There’s one question everyone should always ask themselves: who needs me? Anyone who answers “Nobody” is in great danger. Because, in the end, we are only defended, supported and protected by those who, for rational or emotional reasons, have an interest in doing so, i.e. by those who need us. And we’re not defended when we can’t put forward reasons for being defended, and when we can’t threaten the other with reprisals by depriving him of what he would need from us in return.
The need can be material or emotional: we need bread, protection, as well as love and gratitude. This is the case even in the most apparently altruistic situations, such as the relationship between parents and children: parents look after their children because they see an emotional or material benefit in it. And children only find support from their parents when they demonstrate that they are useful to them.
A social situation is therefore only balanced if each needs the other. So a person, a family, a company, a nation, who needs no one is in great danger.
A person, or a family, that has not taken care of its ascendants and descendants, is threatened. A company that no one really needs is already dead. A nation is only powerful if others need it, and therefore have an interest in protecting it.
We Europeans face this question today in a crucial way: who needs us?
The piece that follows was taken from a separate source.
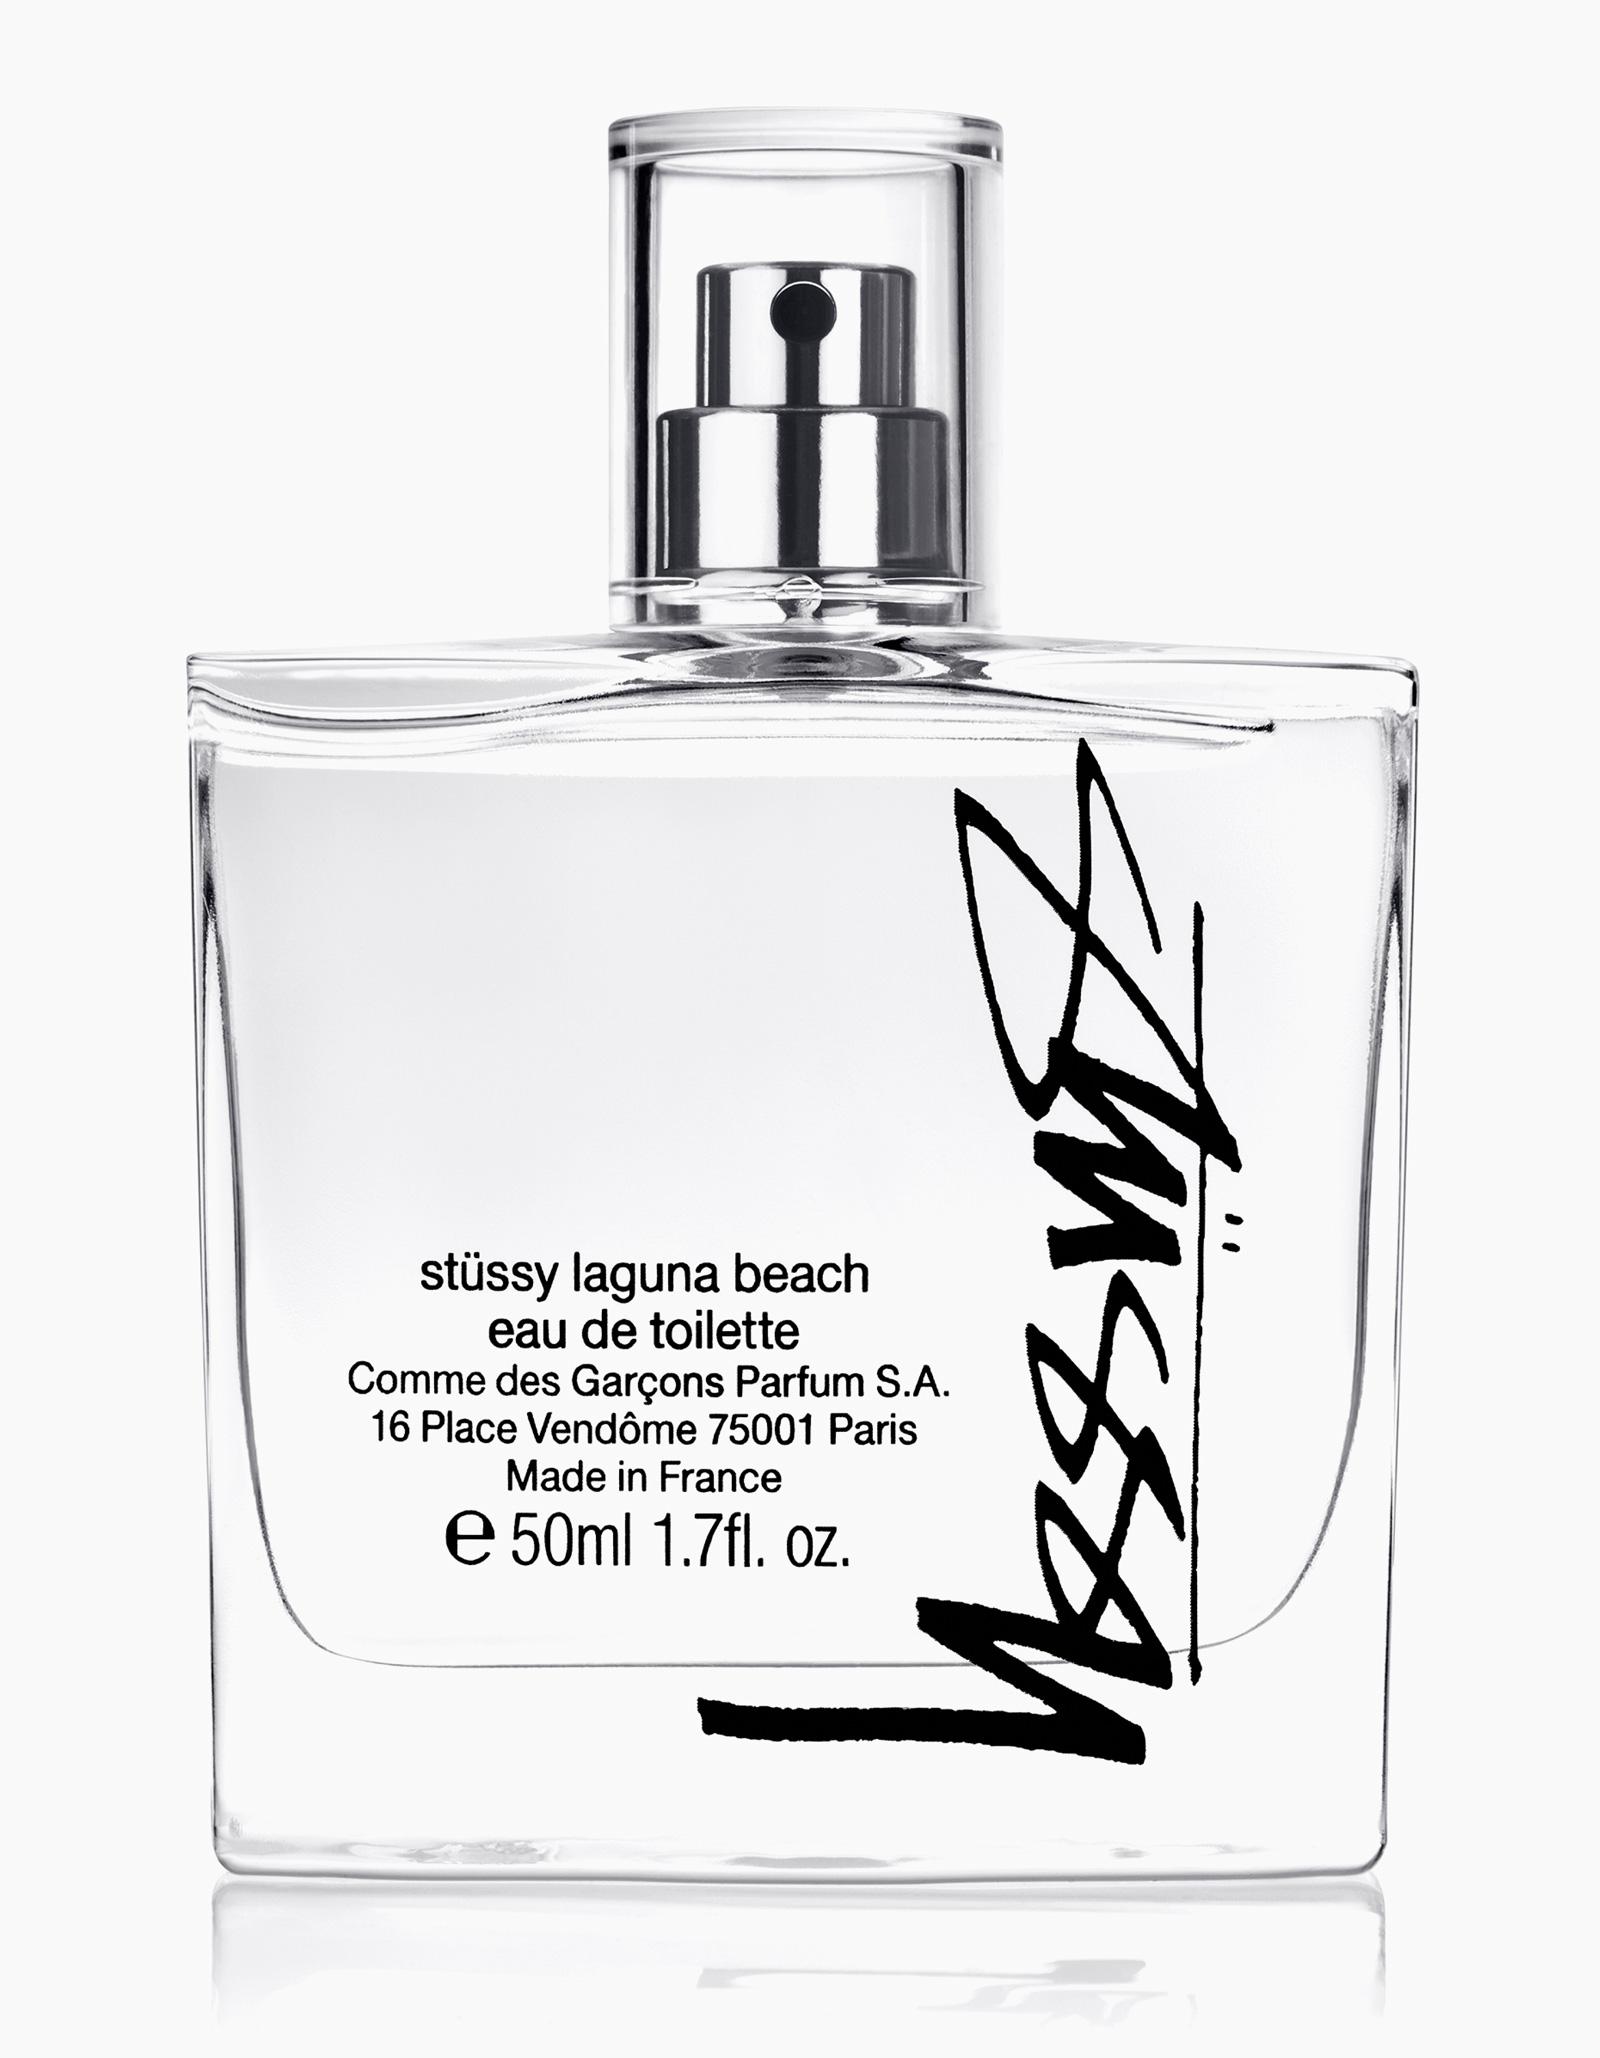 Stussy CDG Parfums - Laguna Beach Scent - 4.jpg
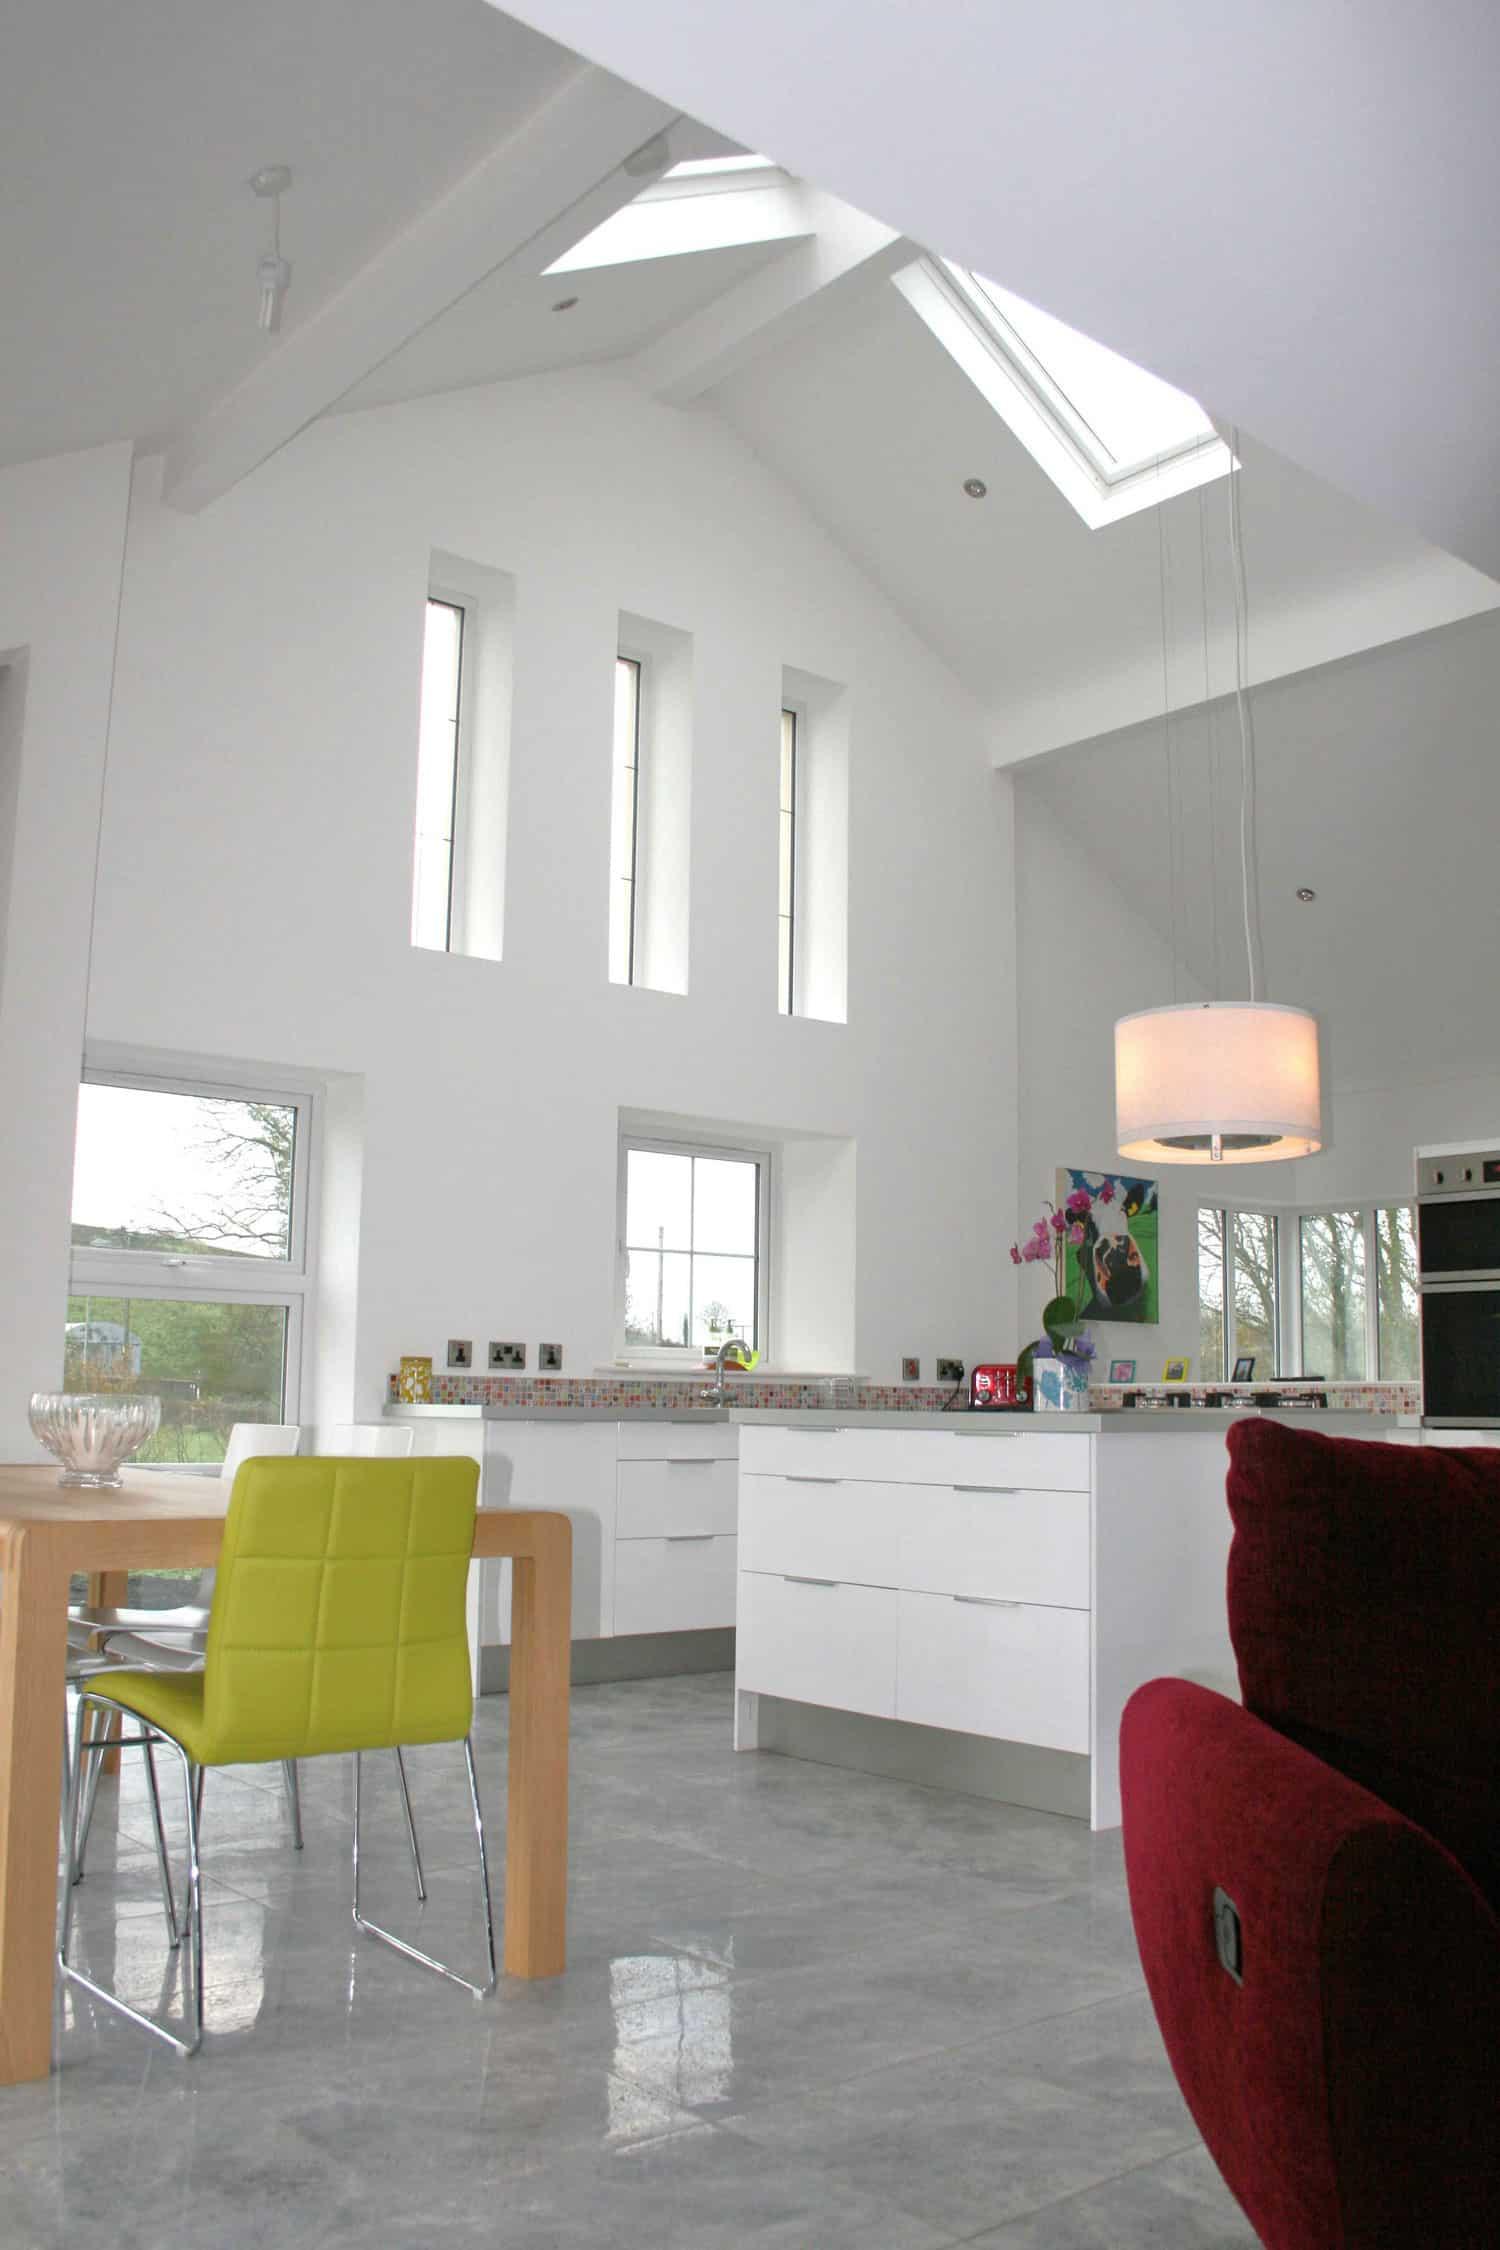 Nagi Dwelling - Internal Kitchen Vaulted Ceiling

In the East, Russia and China are threatening to invade or vassalize us, while we are still too dependent on them for many raw materials; in the South, waves of climatic and economic migrants are on the horizon. In the West, the United States is threatening to withdraw from NATO, to bar many European companies from their markets, to occupy Greenland, to inundate us with fake news, to impose governments at their command.
More generally, Europe needs the world, while the world thinks it no longer needs Europe, that none of its products are irreplaceable, that none of its armies are useful, that none of its media, ideas or values are necessary.
We will only be able to counter these threats if we are able to show others that they need us too.
In particular, while it is clear that Europeans need the United States for their defense, and for many other things, this is no longer the case in the opposite direction. For a long time, the United States needed Europe to defend its democratic and liberal model, to sell it arms, agricultural products and much more. Today, the European market is an almost insignificant fraction of the world market, Europe’s geopolitical position is no longer an argument to curb American imperial ambitions, and American values drift light-years away from European ideals.
We won’t be able to refuse any American, Russian or Chinese demands if we are unambiguously dependent on them. As long as we are dependent on American armaments and Chinese rare earths, without them being dependent on us for anything other than perfectly substitutable goods, Europe is heading for disaster; in particular, it will have to give in to every American whim, which will impose governments in their boots.
The necessary strategy is therefore clear: if Europe wants to regain its freedom, it must once again become necessary to the world. And depend less on it. In particular, it must depend less on its main ally, and be more useful to it, if it is not to become a colony. Protect our democracies against attempts to destabilize our societies. Build a European defense industry. To become irreplaceable in certain sectors of high technology, the environment and other dimensions of the life economy. This is the key to our survival. It’s more than urgent.